Thank you, good morning everyone.

B
Brian Jellison
Chairman, President, Chief Executive Officer

Hey, good morning Deane.

Deane Dray
RBC Capital Markets

Congrats to Neil in his new role at COO. First question, maybe take us through the dynamics in the fourth quarter in RF technology - it came in lighter both top line and earnings versus our expectations. I know there were some puts and takes in the quarter and you had called out last quarter there was some pull-in into the third quarter for Deltek - I don’t know if that was a factor, or if this was that stub from a year ago. But could you take us through that for starters, please?

B
Brian Jellison
Chairman, President, Chief Executive Officer

Rob is chomping at the bit.

R
Robert Crisci
Vice President, Chief Financial Officer

Hi Deane, good morning. Yes, so it was right in line with our model on EBITDA. We actually were a little bit above our internal guidance model on EBITDA for the segment. We were a little light on revenue - I think we guided to low single digits and it came in minus-1, just because of the difficult MTA comp versus last year and timing on some of the TransCore projects. But it really was in line with our model, so I think, not to speak for the analysts, but it seems like the analysts may have missed the fact that we did have this $35 million or so of revenue last year, and it seems like people weren’t taking that into account when they were doing their RF estimate for Q4. So from our perspective, in line, and more importantly really exceeded in terms of cash flow. The cash flow performance in the quarter was better than we expected, again driven by the new acquisitions, Deltek and ConstructConnect, and really good performance there. So from our viewpoint, it was a solid quarter in RF.

B
Brian Jellison
Chairman, President, Chief Executive Officer

I just want to reassert that Deltek and ConstructConnect outperformed in the fourth quarter versus our model. It solely centers on the intelligent traffic system side of project management at TransCore.

Deane Dray
RBC Capital Markets

Got it, and then how about just the--expand more on the tax reform impact. Rob, can you just kind of take us through the details of how you work through the implications for Roper’s tax position for 2018 and beyond? What swings you from 21 to 23 - we had been modeling 23, and what might be the dynamic in the first quarter that would be taking you lower than that?

R
Robert Crisci
Vice President, Chief Financial Officer

Yes, sure. So like every other company out there, there was a lot of work done, and I commend our tax department - they’ve been working long hours all the month of January to really get all this work done in time for the earnings call and, of course, the 10-K coming up. So yes, I think as Brian mentioned, we’re probably--we had to give a point estimate, it’s probably around 22% is our long-term, right? We wanted to give a range because there are some moving parts, and so it’s always difficult when you’re under a new law here to make sure you get everything ironed out, but I think that we’re pretty comfortable with that 22% number over the long term.

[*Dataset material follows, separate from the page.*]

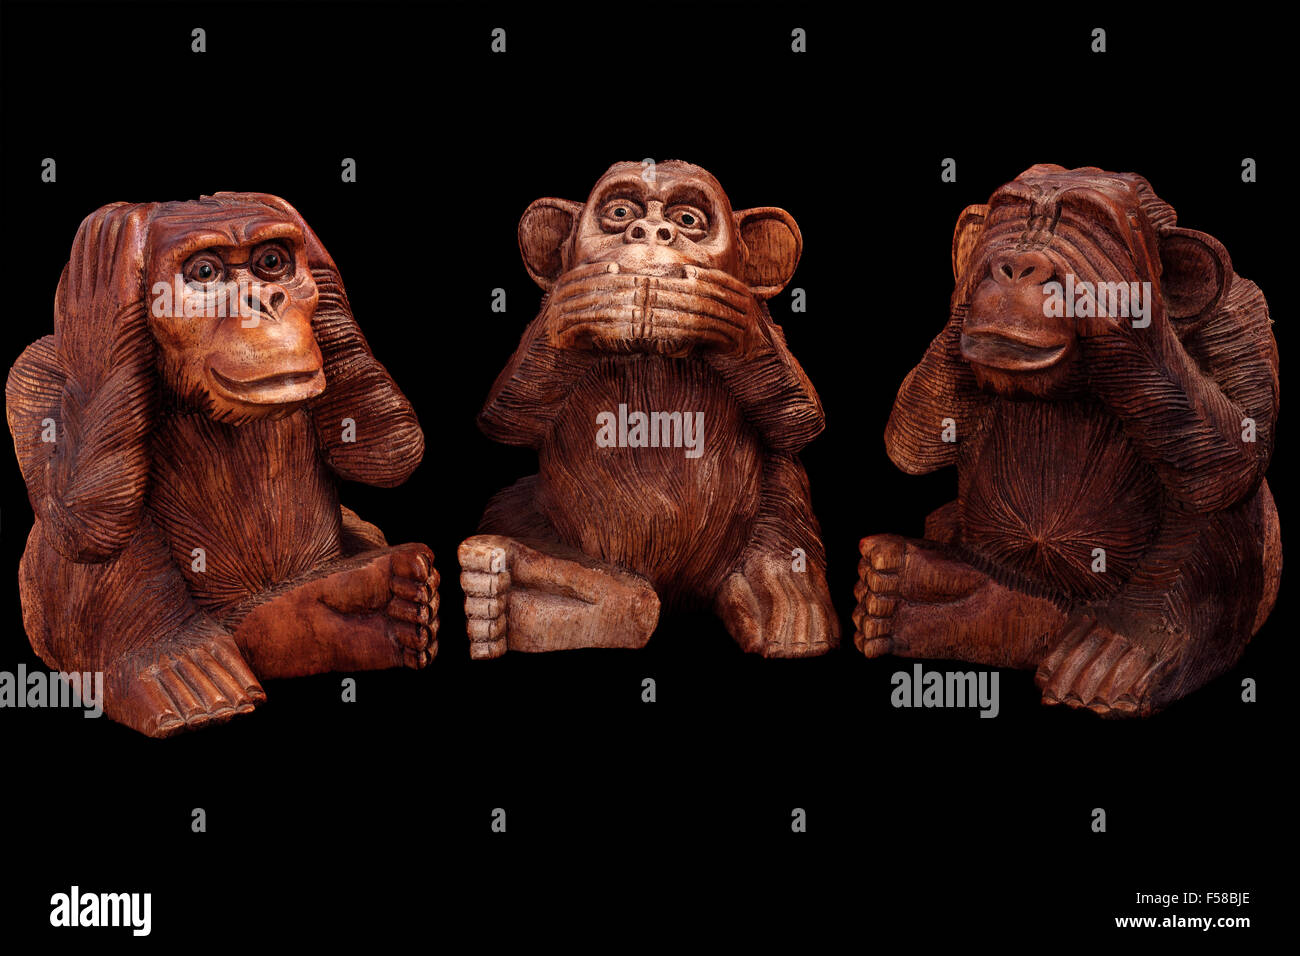 Three wise monkeys. Figurines of wood on a black background. Stock Photo

As far as Q1, there are some discrete items, particularly around the deductions for compensation that would drive Q1 a little lower, as Brian mentioned probably a little under 20%. But you know, on a full-year long term, certainly if you want to put 22 in the model, it’s probably a fine number.

Deane Dray
RBC Capital Markets

Got it. Then if I can sneak one more question in, maybe hear from Neil, just broad brush - you may be early in the process, but what might we be seeing in the way of a re-segmentation? It sounds like that’s one of the first orders of business for you.

B
Brian Jellison
Chairman, President, Chief Executive Officer

I’ll give him a second to respond, but the thing is that most of the businesses report to either Neil or myself, so if you look at the way we’re structured in RF, one of our key leaders is Tracy Marks that’s over the ITS business. Another really key leader is Mike Corkery, who is over Deltek. It’s our largest business. If you put the two largest revenue businesses really are the TransCore piece and the Deltek piece, they have, as you might guess, absolutely nothing to do with each other, so we have got this segment and there is a whole lot of other things that are a products piece, some of those report to Paul Soni, others report to Claude Pumilia, and what we’ve found over the last year is we’ve done some pretty significant talent upgrades, because as we’re interviewing people, shockingly most people would like to know who they’re going to report to and which businesses they have responsibility for, and we would be embarrassed if--you know, when we try to explain how the labyrinth works. So I’d like to have some time here with Neil looking at how I’ve kind of viewed the company since 2016. You know, we have products that are divided really into a couple of large categories, and those subcategories are precision technology, fluid handling, medical products and RF products.

On the other side, we have our software businesses, and they really have kind of four subcategories. You have our healthcare software business, you have our alternate site business, you have our application software business, and you have our project management business. We’ve tried to maintain the same segment reporting for probably a little longer than we should. This won’t really have an effect on how the 50 P&Ls in the company work, but it will have an effect on how Neil and I are looking at forward structure and long-term executive leadership positions.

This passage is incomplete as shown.